Por fim, duas habilidades voltadas para a relação com outras pessoas fecham a lista. A gestão de talentos envolve inspirar, orientar e desenvolver pessoas, sendo especialmente relevante em papéis de liderança. Já a orientação para o serviço consiste em entender as necessidades de quem está do outro lado e entregar um valor humano que a automação ainda não é capaz de substituir.
Como as habilidades técnicas e comportamentais se relacionam nessa lista?
Vale notar que a lista combina dois tipos de competência. Pensamento analítico, pensamento sistêmico e domínio de IA têm caráter mais técnico e cognitivo. Já resiliência, motivação, curiosidade e orientação para o serviço são competências socioemocionais, também chamadas de soft skills. Segundo o blog da Tera, soft skills são competências de ordem social e emocional que guiam o comportamento de uma pessoa e seu desempenho enquanto profissional, e, ao contrário das hard skills, são desenvolvidas ao longo da vida por meio de experiências reais, não apenas em cursos formais.
Essa combinação não é acidental.
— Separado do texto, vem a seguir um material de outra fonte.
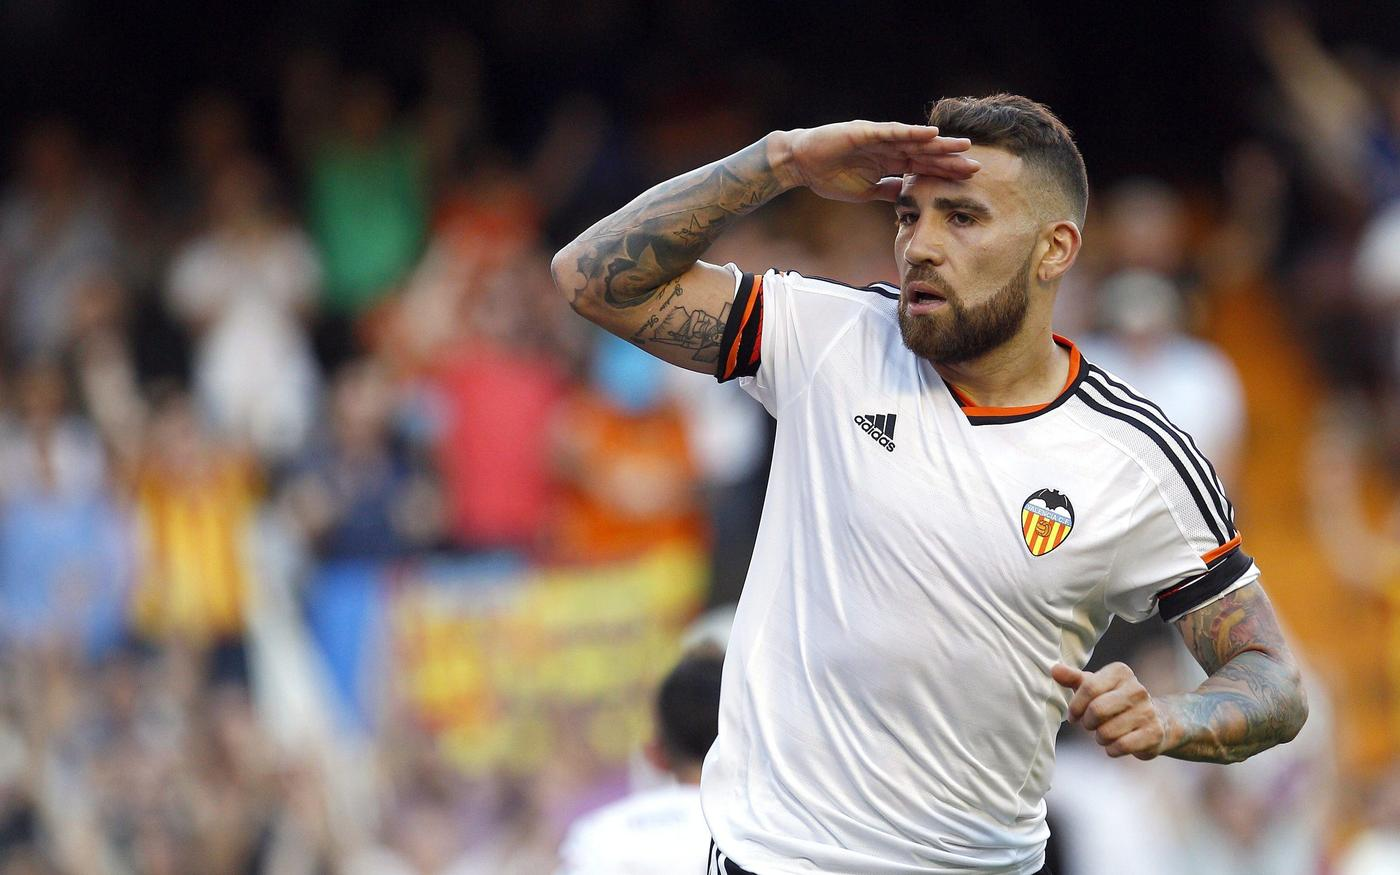 Manchester United 'told to pay £35.9m to land Valencia centre-back Nicolas Otamendi'

As empresas já não avaliam apenas o que um profissional sabe fazer tecnicamente, mas também como ele se comporta diante de incerteza, pressão e mudança constante.
Como desenvolver essas habilidades na prática?
Desenvolver competências cognitivas como pensamento analítico e sistêmico costuma exigir prática deliberada: resolver problemas reais, questionar decisões sem dados que as sustentem e buscar entender como diferentes áreas de um negócio se conectam. Já habilidades como curiosidade e domínio de IA se desenvolvem testando ferramentas novas com regularidade, em vez de esperar um treinamento formal para começar.
No campo comportamental, resiliência e autogestão se fortalecem principalmente pela exposição a situações reais de pressão, seguida de reflexão sobre o que funcionou e o que não funcionou. Já a gestão de talentos, por ser uma habilidade de liderança, costuma evoluir com prática de mentoria, feedback constante e responsabilidade real sobre pessoas, não apenas por meio de teoria.
Perguntas frequentes
As 10 habilidades do futuro valem para qualquer profissão? Sim. Embora o peso de cada competência varie conforme a área, o relatório do Fórum Econômico Mundial trata essas habilidades como transversais, aplicáveis tanto a cargos técnicos quanto a posições de liderança.
É preciso dominar as 10 habilidades ao mesmo tempo? Não. O mais recomendado é priorizar as competências mais distantes do próprio perfil atual e desenvolvê-las de forma gradual, já que tentar avançar em todas simultaneamente tende a dispersar o esforço.
Habilidades técnicas como IA substituem as habilidades comportamentais? Não. A lista do Fórum Econômico Mundial reforça justamente o oposto: quanto mais a tecnologia assume tarefas operacionais, mais valor ganham competências como pensamento crítico, empatia e liderança, que a automação ainda não reproduz.